This project is a simple Flask-based web application that allows users to insert documents into a PostgreSQL database, and perform semantic searches based on text embeddings. The search functionality is powered by a pre-trained transformer model, and results are retrieved based on similarity to the search query.
- Insert multiple documents into the database.
- Perform semantic search using a query to find similar documents.
- Display search results on the same page as the search form.
- Navigation bar for easy access between the home page (search) and the insert page.
- Backend: Flask, Python
- Database: PostgreSQL with
pgvector
extension for storing embeddings. - Machine Learning Model: Hugging Face's
sentence-transformers/all-MiniLM-L6-v2
for generating text embeddings. - Frontend: HTML (rendered by Flask templates).
-
Python 3.7+
-
Install dependencies:
pip install Flask psycopg2 transformers torch
-
PostgreSQL installed with the
pgvector
extension:CREATE EXTENSION IF NOT EXISTS vector;
-
Clone the Repository
git clone https://github.com/your-repository/flask-semantic-search.git cd flask-semantic-search
-
Setup PostgreSQL Database Create a new PostgreSQL database:
CREATE DATABASE your_new_db;
Create a table for storing documents and embeddings:
CREATE TABLE documents ( id SERIAL PRIMARY KEY, text TEXT, embedding VECTOR(384) -- Adjust to the size of your embedding model );
-
Configure the Database Connection
Edit the database connection details in app.py:
def get_db_connection(): conn = psycopg2.connect( dbname="your_new_db", user="your_username", password="your_password", host="localhost" ) return conn
-
Run the Flask App
python app.py
The app will be available at http://localhost:5000/.
Inserting Documents
Navigate to the Insert Documents page (http://localhost:5000/insert).
Enter multiple documents, one per line, in the provided form.
Click "Insert Documents" to add them to the database.
Performing a Search
Go to the Home page (http://localhost:5000/).
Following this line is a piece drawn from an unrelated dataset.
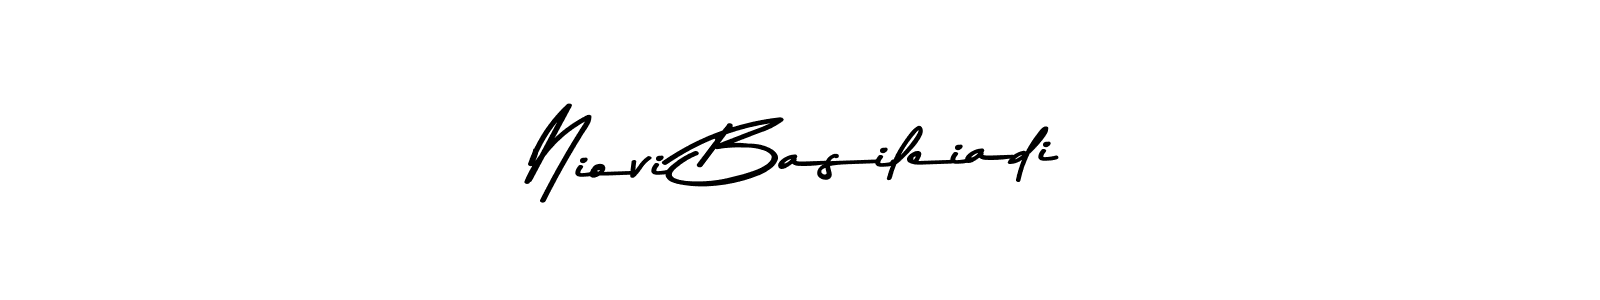 How to Draw Niovi Basileiadi signature style? Asem Kandis PERSONAL USE is a latest design signature styles for name Niovi Basileiadi. Niovi Basileiadi signature style 9 images and pictures png
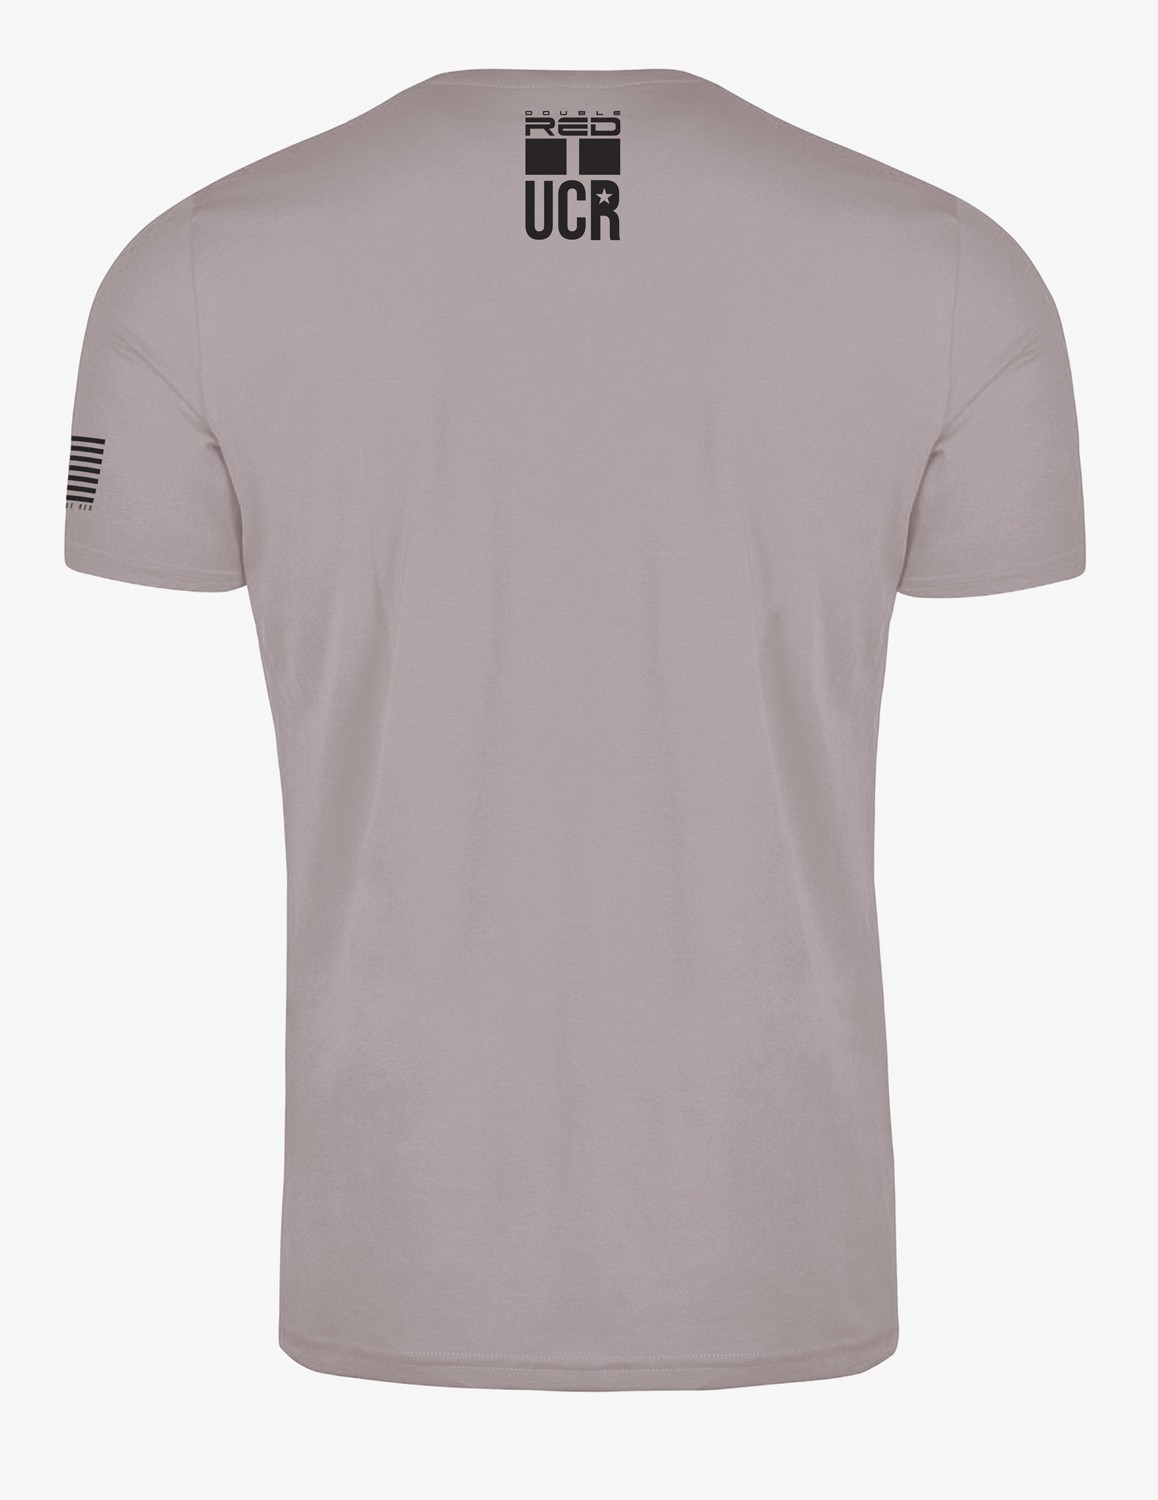 United Cartels Of Red UCR T-shirt Grey/Black

Enter a search query in the search bar.
Click "Search" to view similar documents based on the query.
Example Sample Document:
Artificial intelligence (AI) is a field of computer science that aims to create systems capable of performing tasks that typically require human intelligence. These tasks include visual perception, speech recognition, decision-making, and language translation.
Sample Query:
Query: "What is artificial intelligence?"
Expected Result: The document about AI should be returned due to its relevance to the query.
This project is licensed under the MIT License.